I could hold her in the right way to leave me master of all my movements; I could devote myself, without flurry or fatigue, to the exertion of taking her back to the shore.

My first attempt satisfied me that there was no reasonable hope, burdened as I now was, of breasting the strong current running toward the mid-river from either bank.

I tried it on one side, and I tried it on the other, and gave it up.

The one choice left was to let myself drift with her down the stream.

Some fifty yards lower, the river took a turn round a promontory of land, on which stood a little inn much frequented by anglers in the season.

As we approached the place, I made another attempt (again an attempt in vain) to reach the shore.

Our last chance now was to be heard by the people of the inn.

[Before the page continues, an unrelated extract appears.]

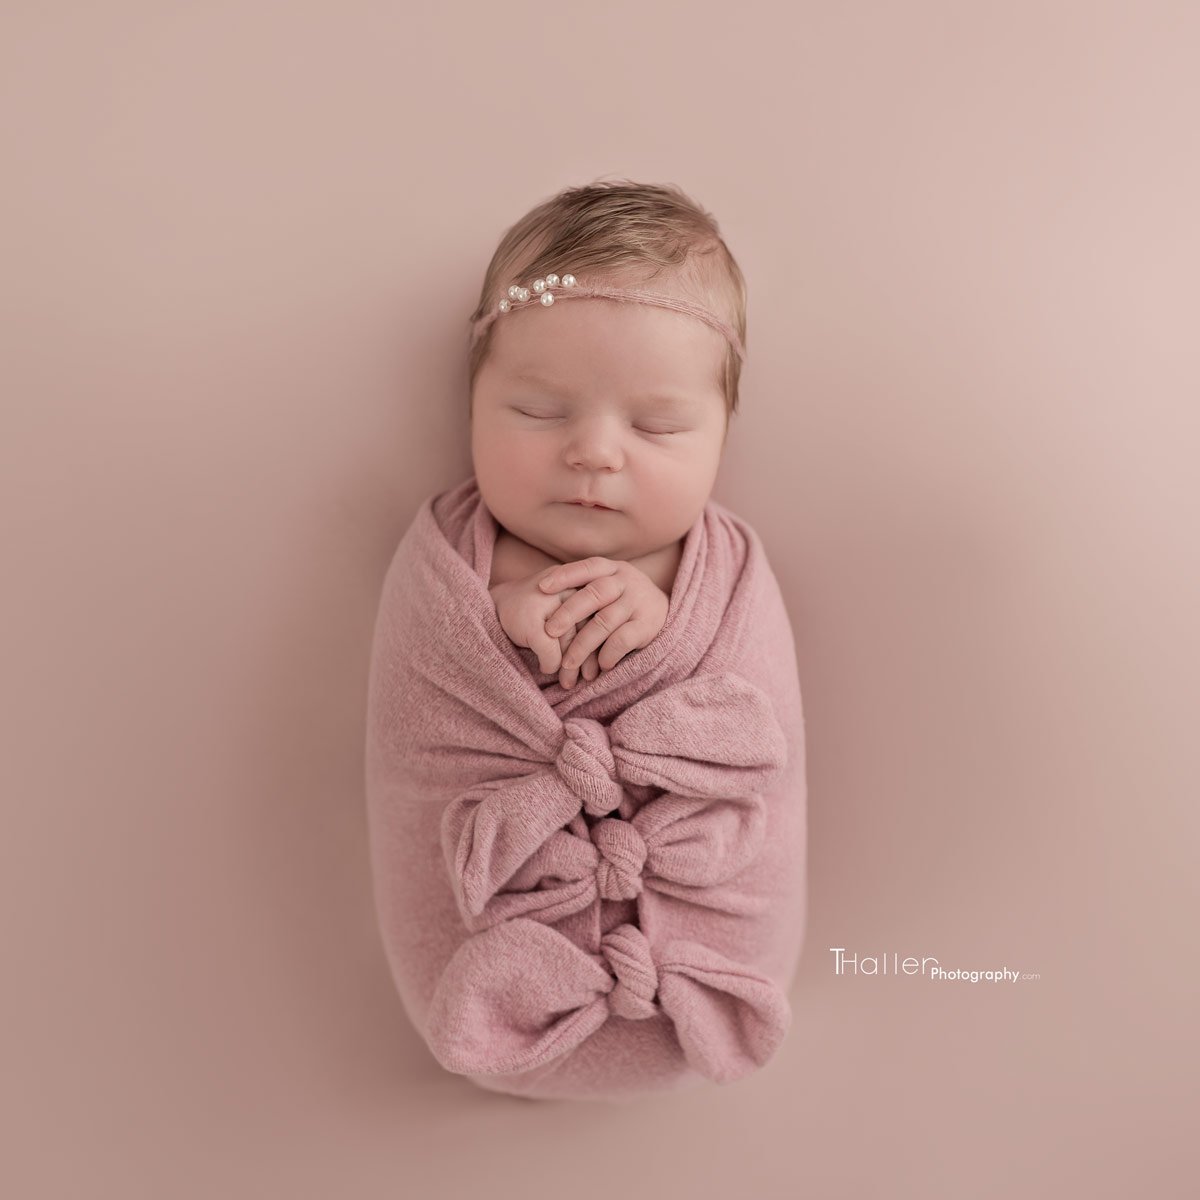 Newborn girl sleeping wrapped in a pink blanket wearing a flower headband

I shouted at the full pitch of my voice as we drifted past.

The cry was answered.

A man put off in a boat.

In five minutes more I had her safe on the bank again; and the man and I were carrying her to the inn by the river-side.

The landlady and her servant-girl were equally willing to be of service, and equally ignorant of what they were to do.

Fortunately, my medical education made me competent to direct them.

A good fire, warm blankets, hot water in bottles, were all at my disposal.

I showed the women myself how to ply the work of revival.

They persevered, and I persevered; and still there she lay, in her perfect beauty of form, without a sign of life perceptible; there she lay, to all outward appearance, dead by drowning.

A last hope was left—the hope of restoring her (if I could construct the apparatus in time) by the process called "artificial respiration."

I was just endeavoring to tell the landlady what I wanted and was just conscious o f a strange difficulty in expressing myself, when the good woman started back, and looked at me with a scream of terror.

"Good God, sir, you're bleeding!" she cried.

"What's the matter?

Where are you hurt?"

In the moment when she spoke to me I knew what had happened.